Figure 3. Schematic representation of the (i) synthesis and architecture of PNIPAm-PAA hydrogel capsules (ii) TEM micrographs of (a) PAA-HPC particles (pH 2.4) (b) PNIPAm-PAA-HPC composites (pH 2.4), (c) PNIPAm-PAA hydrogel capsules (pH 8.0) and (d) SEM image of PNIPAm-PAA hydrogel capsules after freeze-drying procedure. (iii) Morphology of nanosphere and nanocapsule of PAA/BSA (a) PAA/BSA, (b) nanocapsule of PAA/BSA, (c) PAA/BSA/GA, and (d) nanocapsule of PAA/BSA/GA. (Reprinted from Refs. [19][20] with permission).

4. Other Structures

Poly (acrylic acid-b-isoprene) cross-linked micelle structures were synthesized using calcium phosphate coating (20 nm thickness) having 60 ± 9 nm mean diameter, revealing the mineralization near or at surface regions of PAA. Additionally, nanocages were also formed. These hybrid materials were found stable for numerous months in water. Even though it aggregated and mineralized with time, there was no change seen in crystallization and diameter even after eight months (Figure 4a,b) [24]. Spherical microspheres of PAA/PVA of sequential interpenetrating network crosslinked with GA were obtained via SEM analysis. Figure 4c suggested spherical morphology without any agglomerations. A smooth microspheres surface was obtained with no pores, and some particles were covered with polymeric debris, Figure 4d [25]

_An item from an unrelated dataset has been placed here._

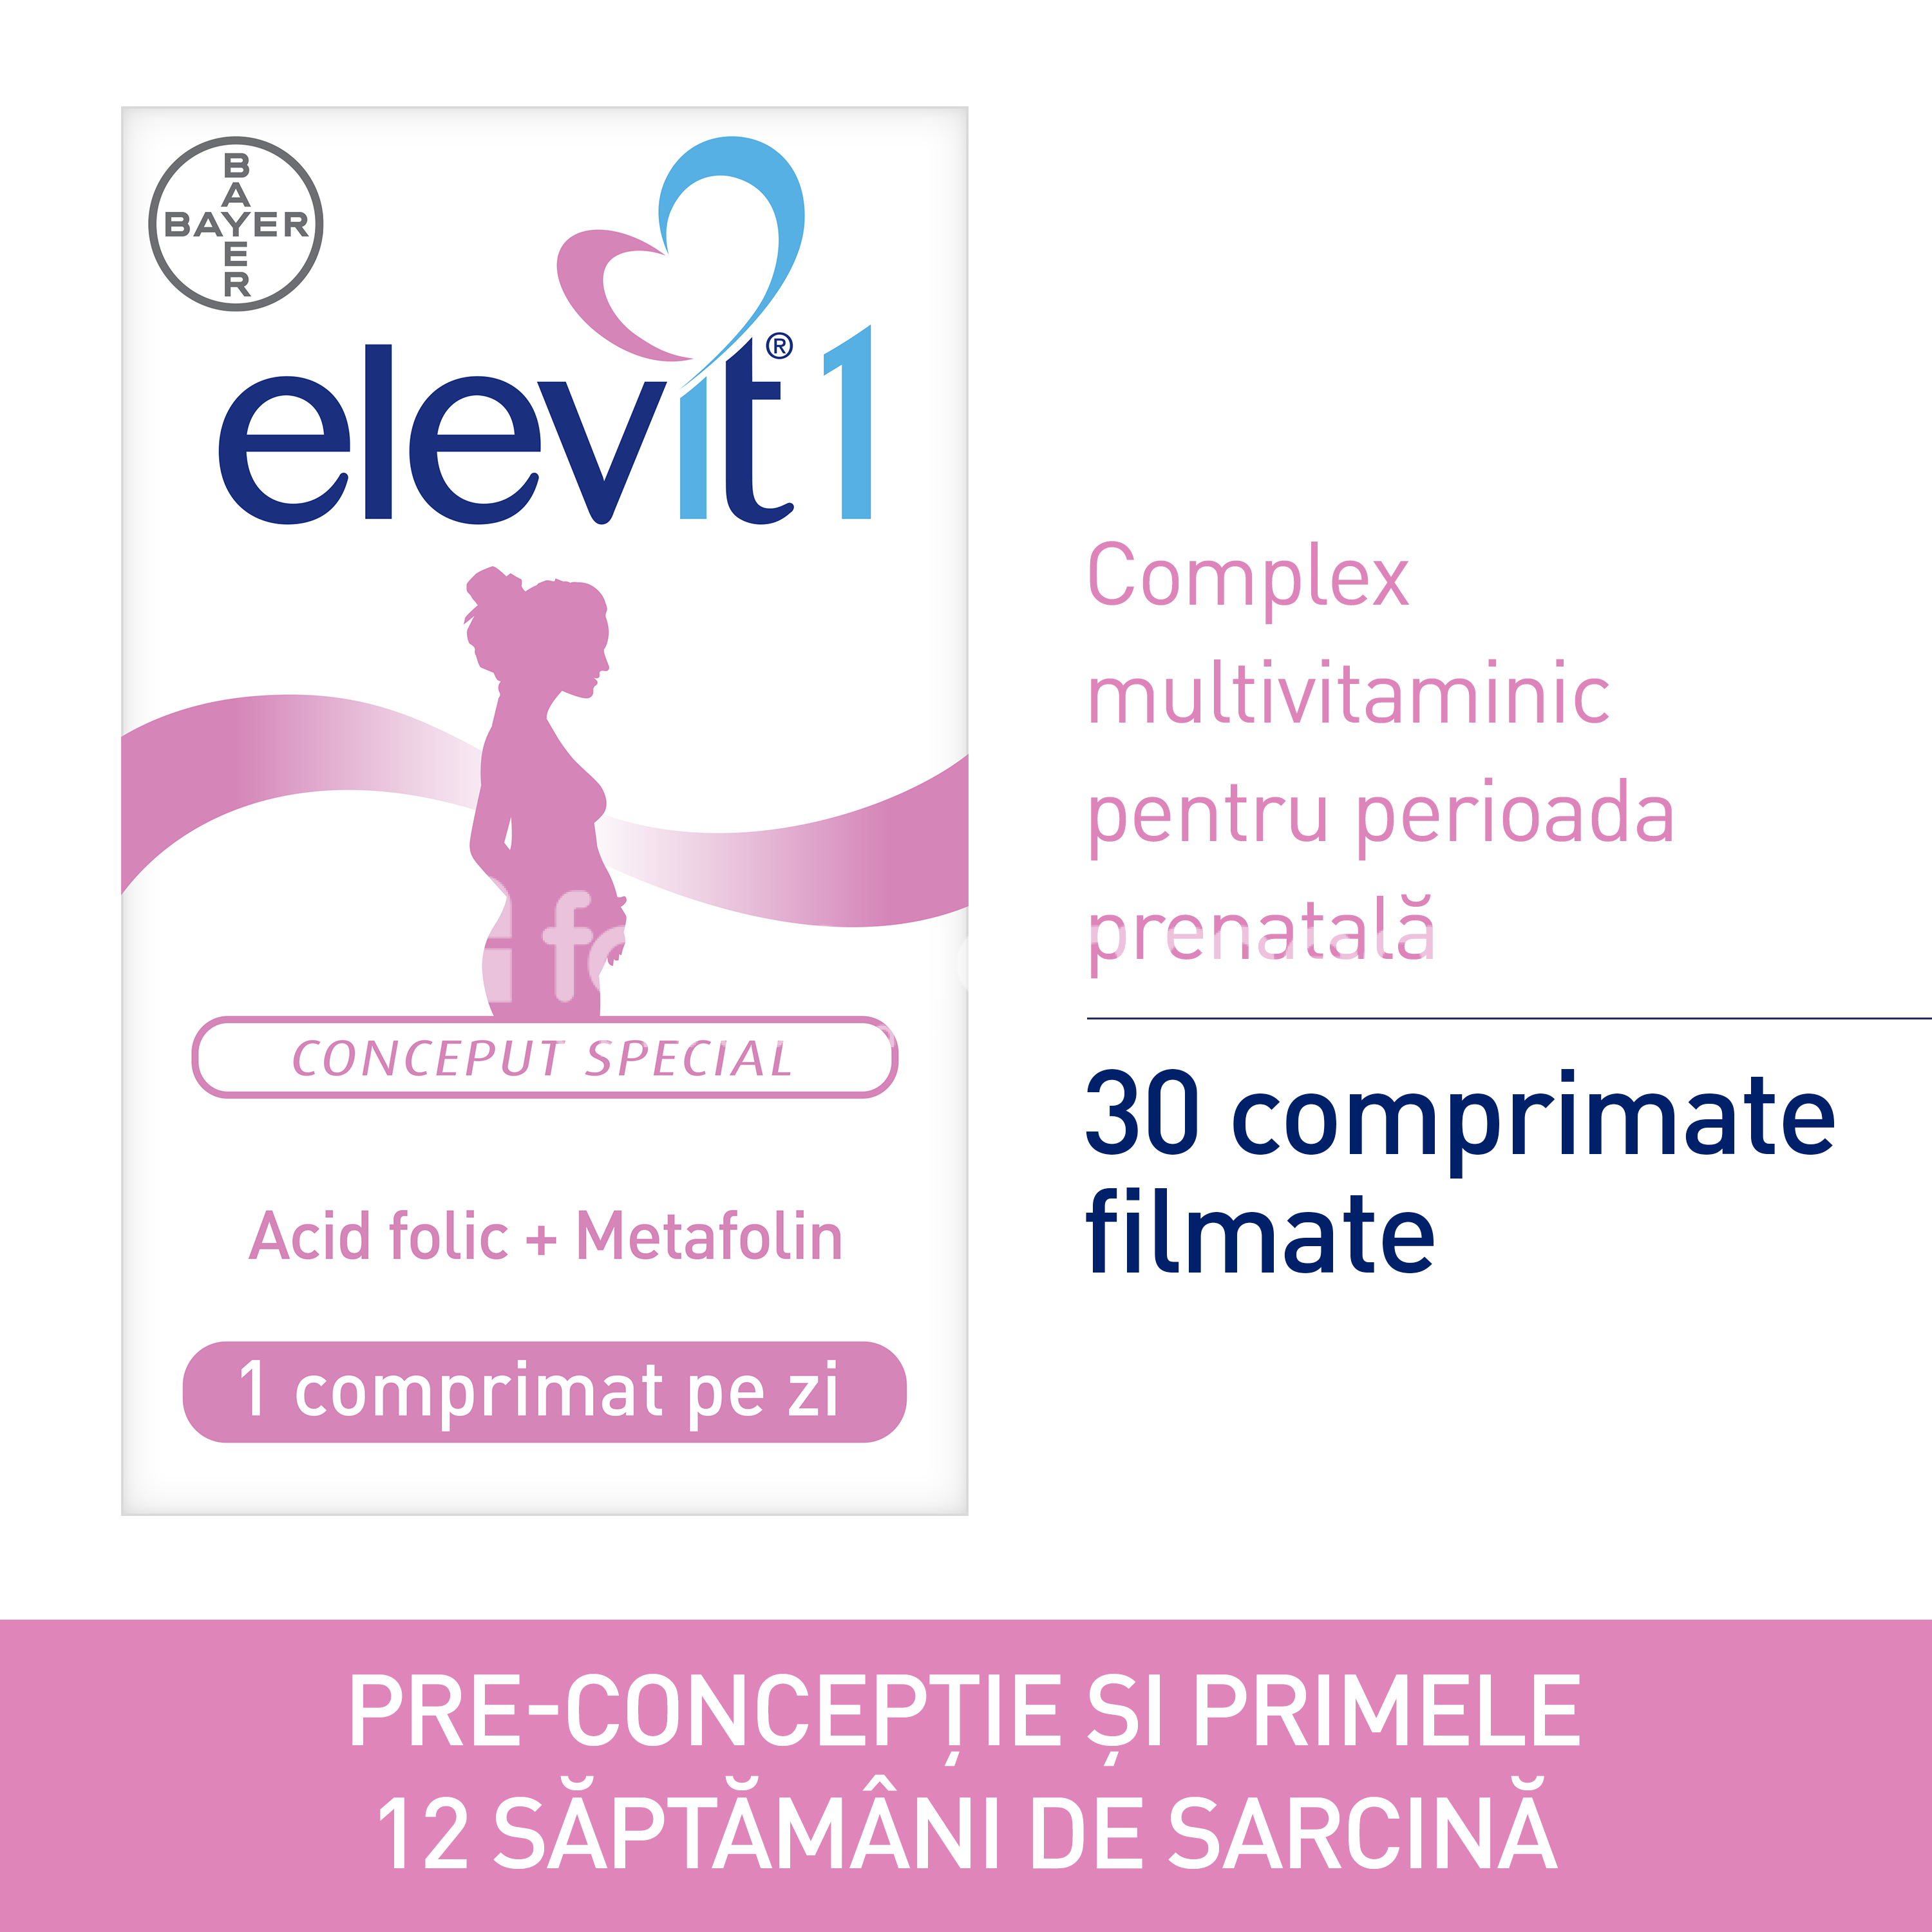 Vitamine și minerale femei însărcinate - Elevit 1 Complex multivitaminic pentru perioada prenatala, 30 comprimate filmate, Bayer, farmaciamea.ro

Figure 4. TEM micrographs of (a) cross-linked PAA-b-PI micelles covered with calcium phosphate, (b) PAA nanocages-Calcium phosphate displaying enhanced levels of aggregation and mineralization (after eight months) (c) SEM microspheres of PAA without forming agglomerations (spherical) (d) The smooth surface of microspheres without any pores. (Reprinted from Refs. [24][25] with permission).